Safe Harbor 401(k) helps defer more Current Income Taxes and eliminate Compliance Testing
Before Safe Harbor 401(k) came along, every 401(k) had to undergo mandated compliance testing every year to make sure plans did not discriminate as to the availability of rights, benefits and features made available to different employees. Not correcting a failed year-end compliance test could mean substantial penalties and possibly even disqualification of the plan's tax-favored status.
The Safe Harbor 401(k) gives employers an option that helps them defer more income than under previous 401(k) plans, without compliance testing as long as Safe Harbor requirements are met.

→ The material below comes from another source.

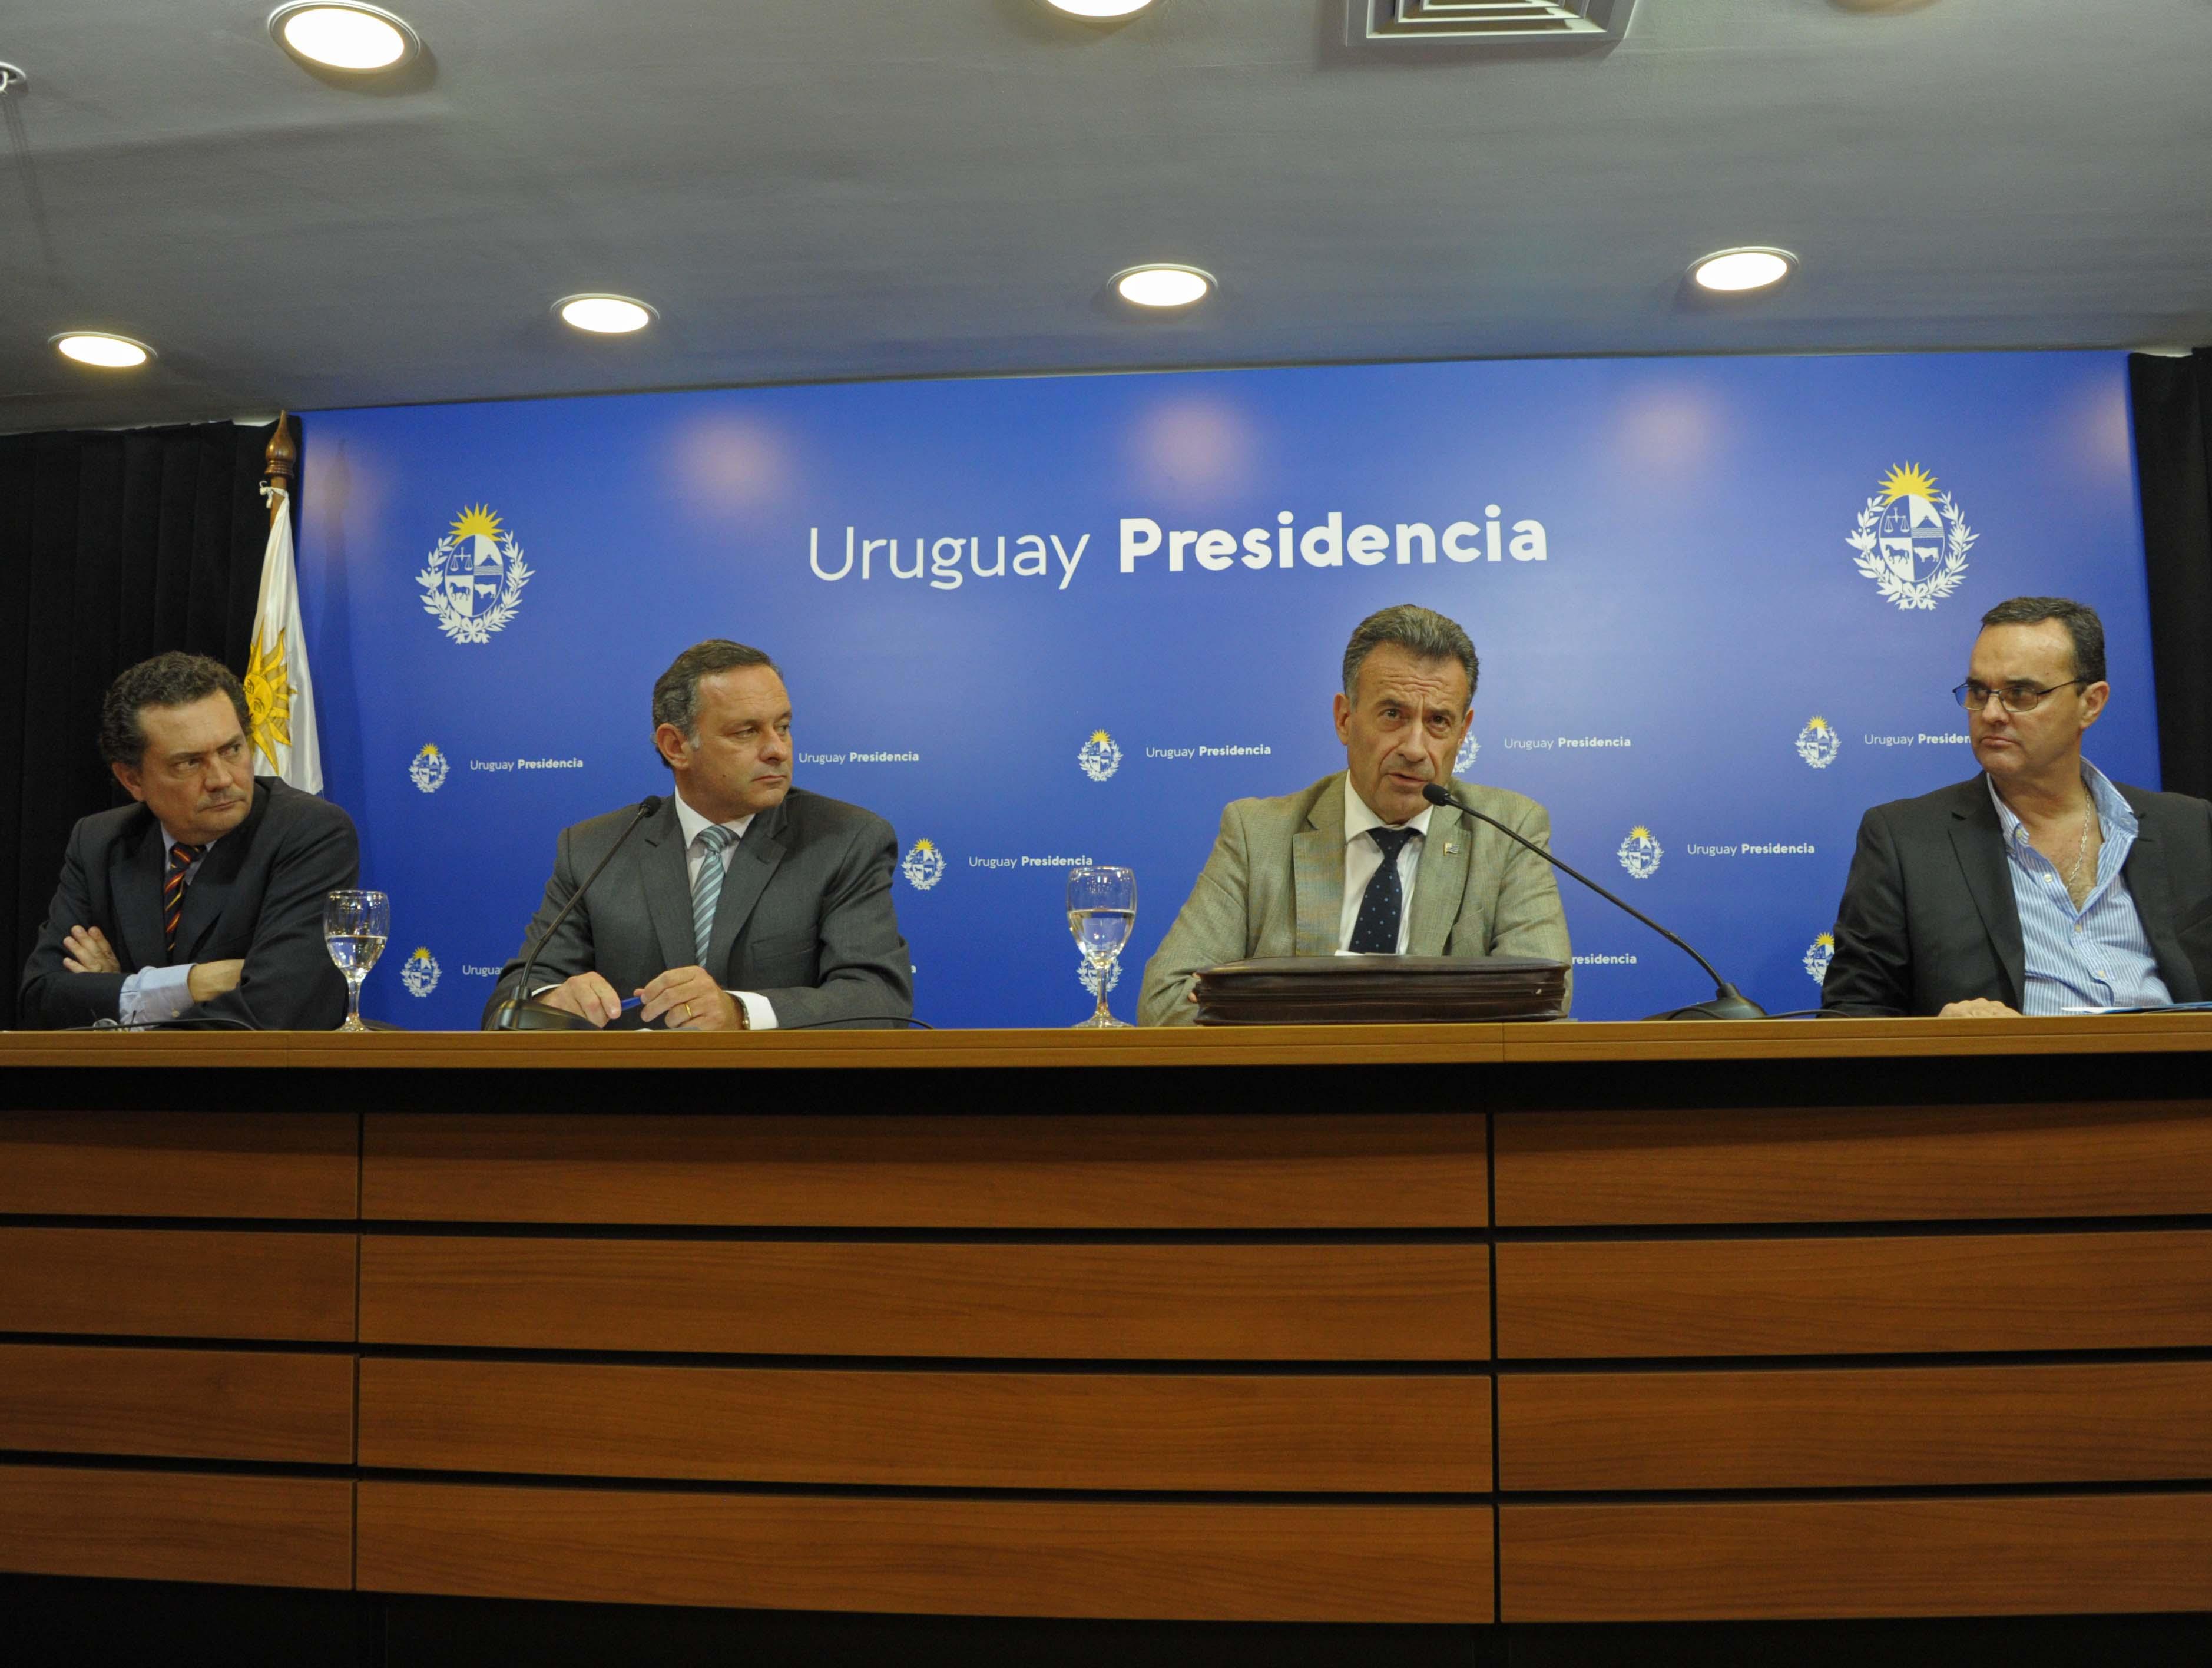 Prosecretario de Presidencia, Rodrigo Ferrés, secretario de Presidencia, Álvaro Delgado, ministro Daniel Salinas y ministro Pablo Bartol

In a traditional 401(k) plan salary deferral contributions made by highly compensated employees, generally owners, are limited by those made by employees. With a Safe Harbor 401(k), whether employees elect to participate or not — and how much they choose to contribute — in no way restricts the ability of highly compensated employees to defer the maximum permitted by the plan and IRS. And since the Safe Harbor Plan may be combined with profit sharing plans it provides an excellent way for employers to make the most of employers retirement savings. (Subject to IRS plan and participant limits.)
Employers should consult one of our Retirement Program Specialists to determine if they qualify for a Safe Harbor 401(k) plan. And, if they wish, we can also arrange for them to receive a customized retirement plan proposal from a Retirement Program Specialist at no cost or obligation to them.
- Defer up to $18,000 regardless of employee participation levels.
- Works with Profit Sharing Plan to contribute the maximum.
- No discrimination testing.
- Catch-Up contributions available for participants over age 50.